DATA SEGMENT:
========================
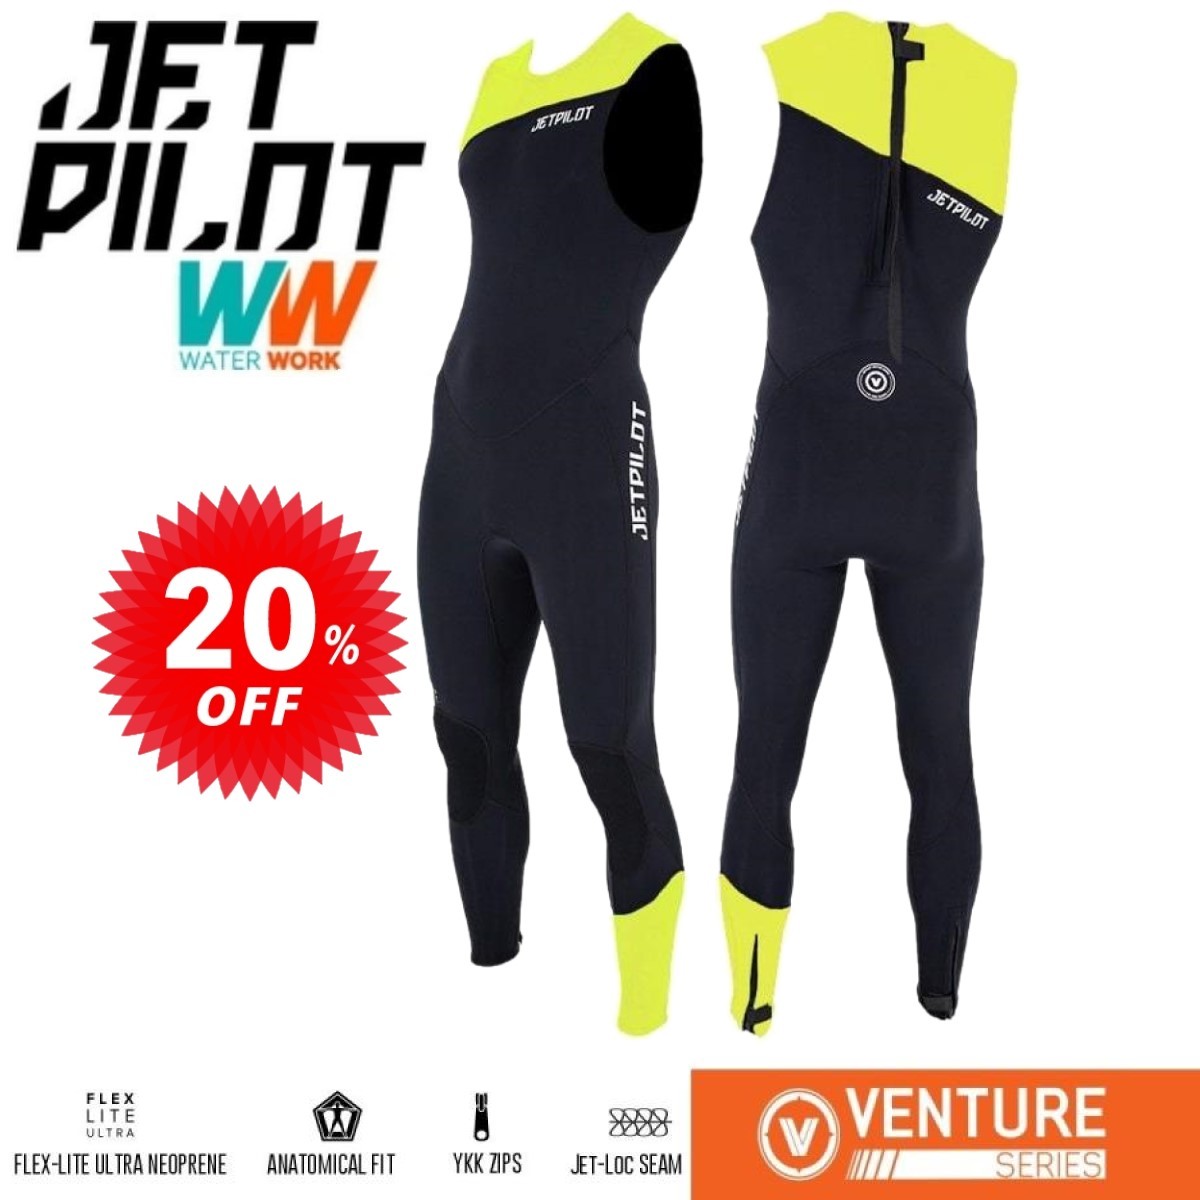 ジェットパイロット JETPILOT セール 20%オフ 送料無料 ウェットスーツ メンズ ベンチャー ジョン JA21154 ブラック/イエロー L
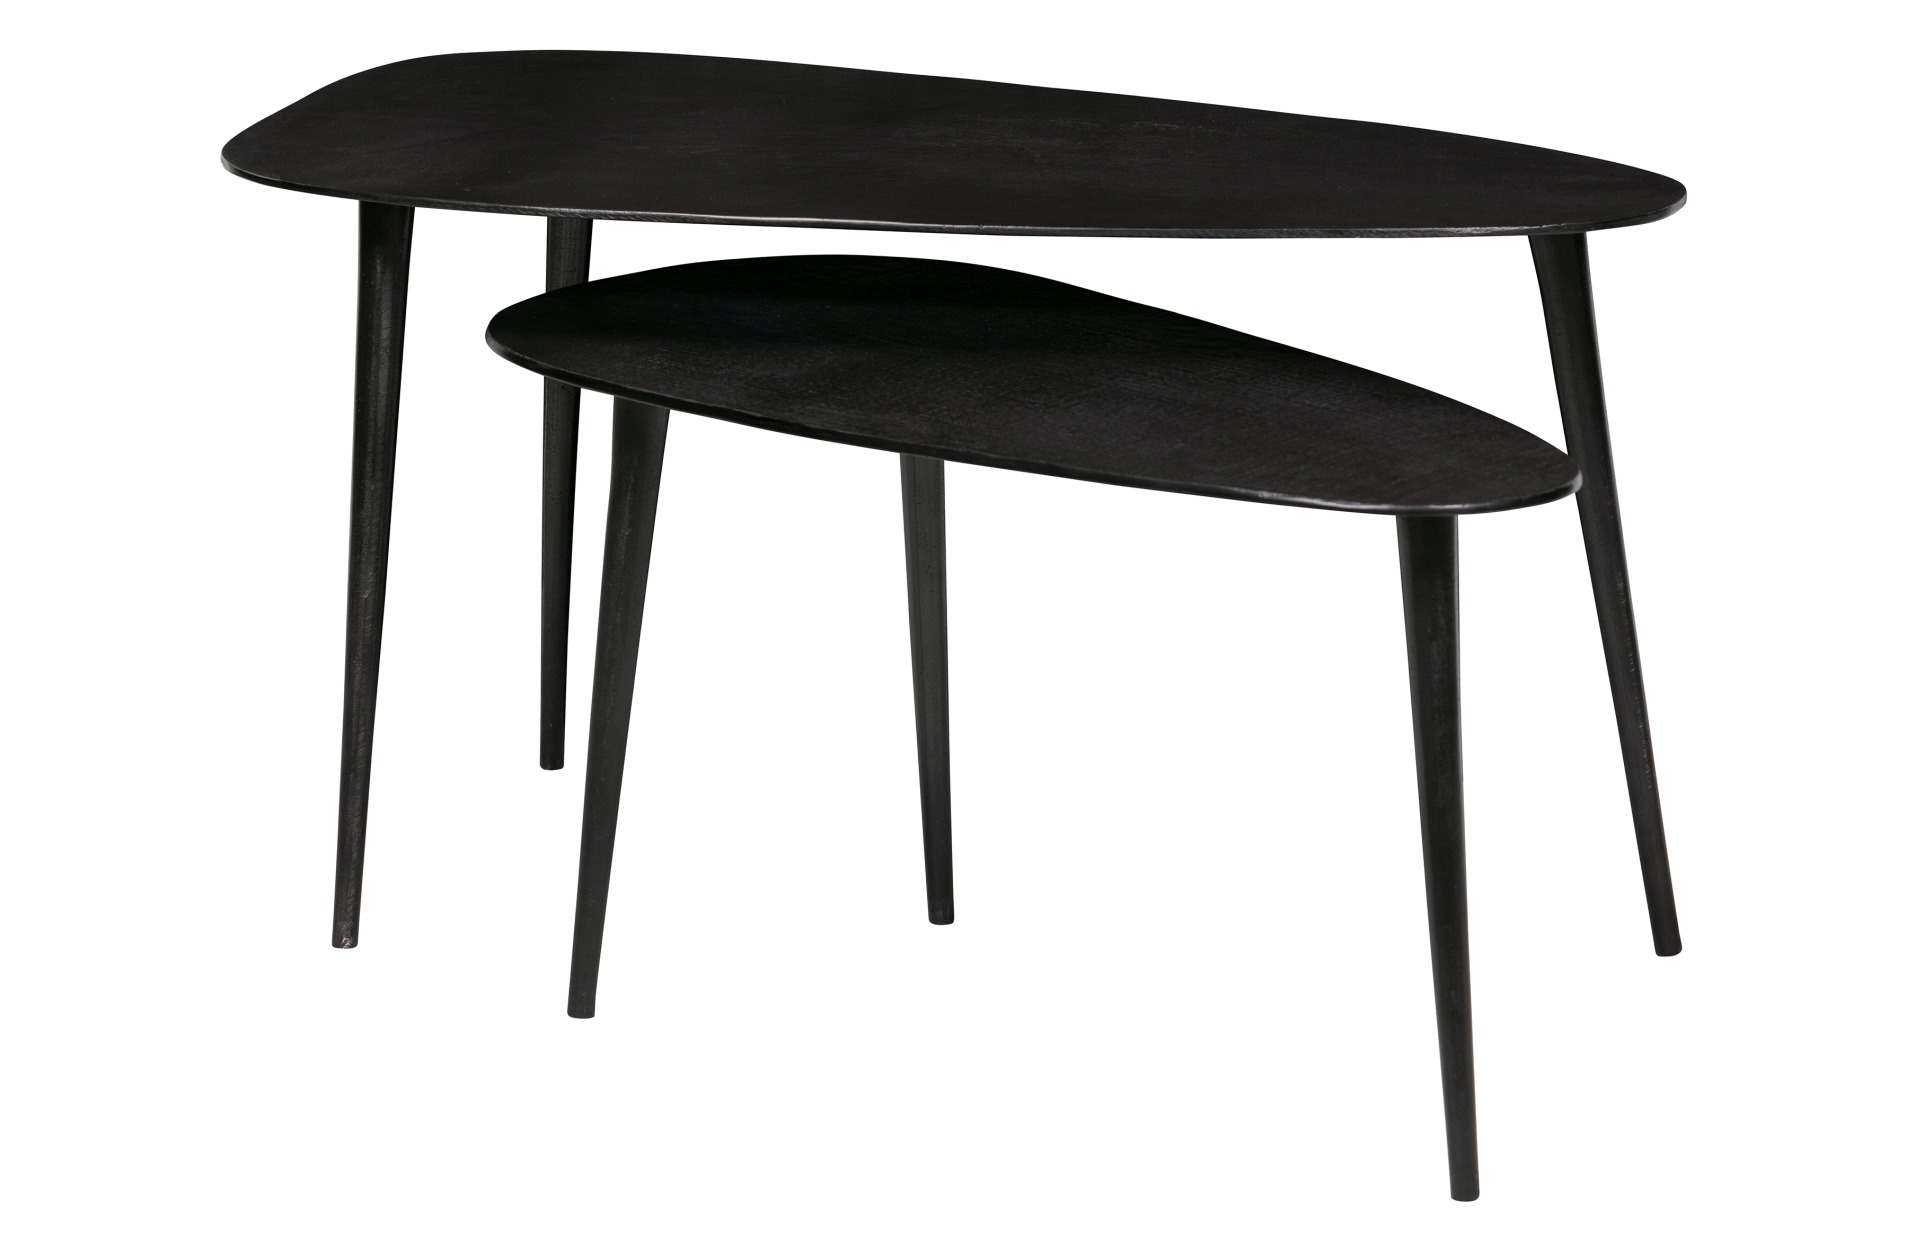 Das Beistelltisch 2er-Set Triangle wurde aus Aluminium gefertigt. Der Tisch überzeugt mit seiner dreieckigen Form. Der Tisch hat einen schwarzen Farbton.
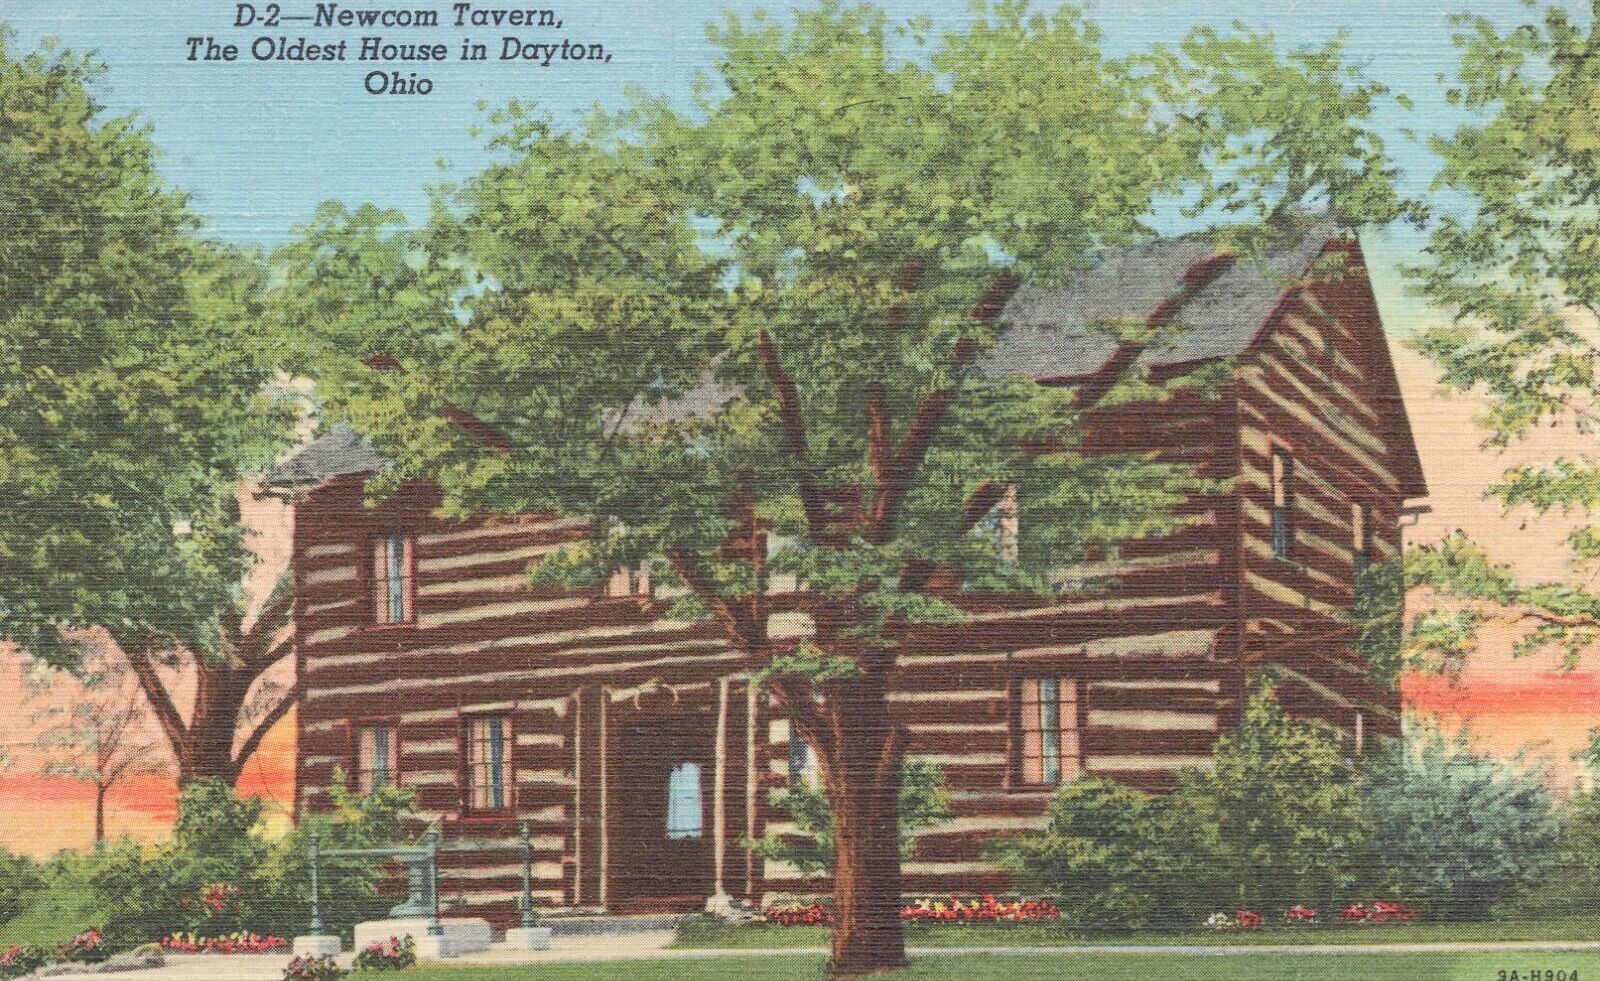 1949 Curt Teich Postcard-Newcom Tavern-Oldest House Dayton Ohio w/War Bond mark
========================
TASK STATEMENT:
Copy all the material above exactly, but skip each image.

ANSWER FOR THIS EXERCISE:
 ジェットパイロット JETPILOT セール 20%オフ 送料無料 ウェットスーツ メンズ ベンチャー ジョン JA21154 ブラック/イエロー L
 Das Beistelltisch 2er-Set Triangle wurde aus Aluminium gefertigt. Der Tisch überzeugt mit seiner dreieckigen Form. Der Tisch hat einen schwarzen Farbton.
 1949 Curt Teich Postcard-Newcom Tavern-Oldest House Dayton Ohio w/War Bond mark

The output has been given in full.